The character of the lace worn during the fifteenth and sixteenth centuries differed in some respects from the conventual point, if it may be so termed. It was less massive, and although, certainly, exhibiting no deficiency of work, did not display that superabundance of adornment which distinguished the chiefs-d’œuvre of the holy sisterhoods. This is easily accounted for by the circumstance, that the one kind was made for money by those whose bread depended on the work of their hands, whilst the other was the chosen occupation of leisure hours, and an outward demonstration of heart-service.

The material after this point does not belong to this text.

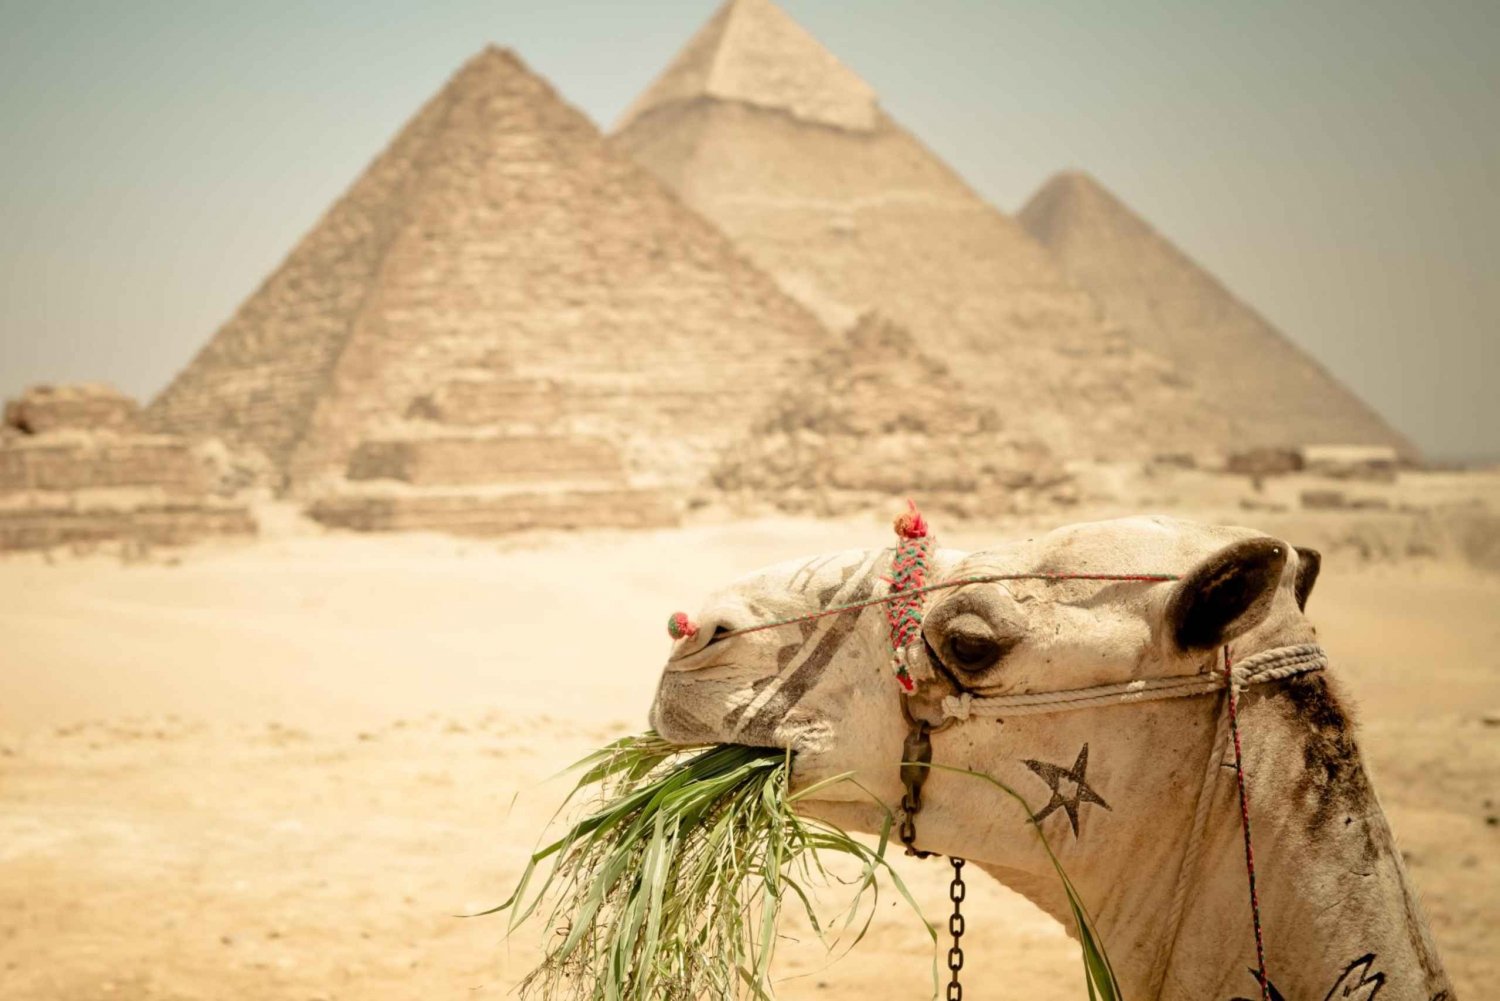 Kair: Wycieczka do piramidy, rejs łodzią i lunch w Cafelucca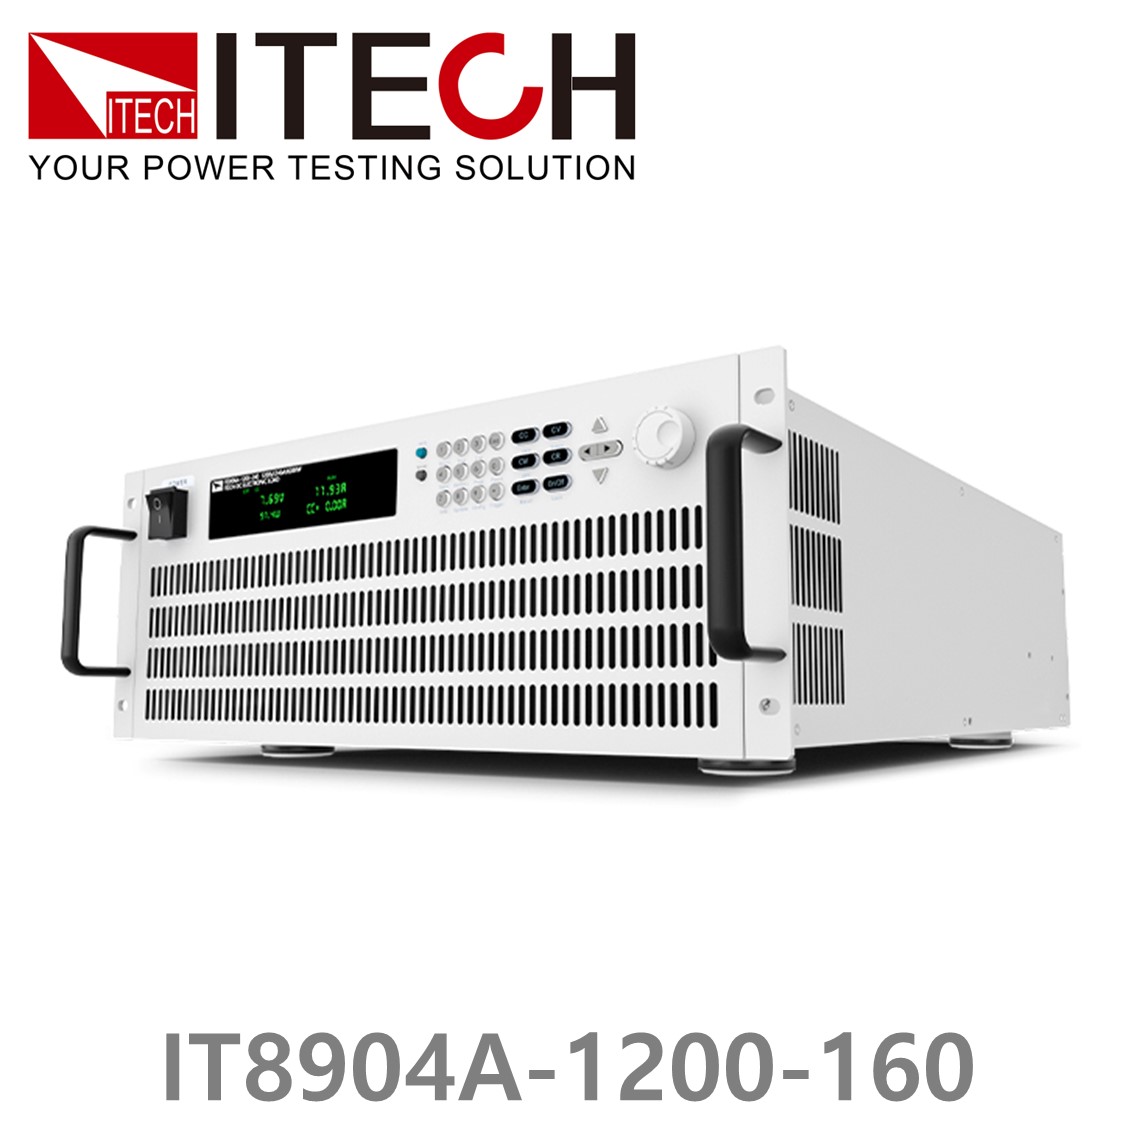 [ ITECH ] IT8904A-1200-160  고성능 고전력 DC 전자로드 1200V/160A/4kW (4U)

Brussels, which has during several centuries maintained a reputation wider and more extended than any other place, may certainly in the present day be said to support and, if possible, extend the renown of its lace; of this there are two distinct varieties, easily recognisable by the initiated in such matters. The more valuable and beautiful kind is that called pointe a l’ aiguille, or, more commonly, Brussels point; it is worked wholly with the needle, and is, as its name implies, a very refined descendant of the ancient family of the points. It was very much in vogue among the wealthier classes in England during the reigns of Charles I. and several succeeding monarchs, and has been immortalised in Vandyck’s portraits of the martyr-king, under the form of the beautiful pointed collar and cuffs which were dignified by the name of the artist. Fashion has, in this case, been more constant than usual, since the taste for Brussels point has continued so decidedly among us, that we still monopolise a large proportion of the whole quantity made; the other variety, called Brussels plait, being more extensively used in France Spain, Russia, and other countries. In the latter description of lace, the flowers for the pattern are made separately on the pillow, and afterwards attached to net. It differs, in fact, but little from the best English Honiton, of which I shall speak hereafter.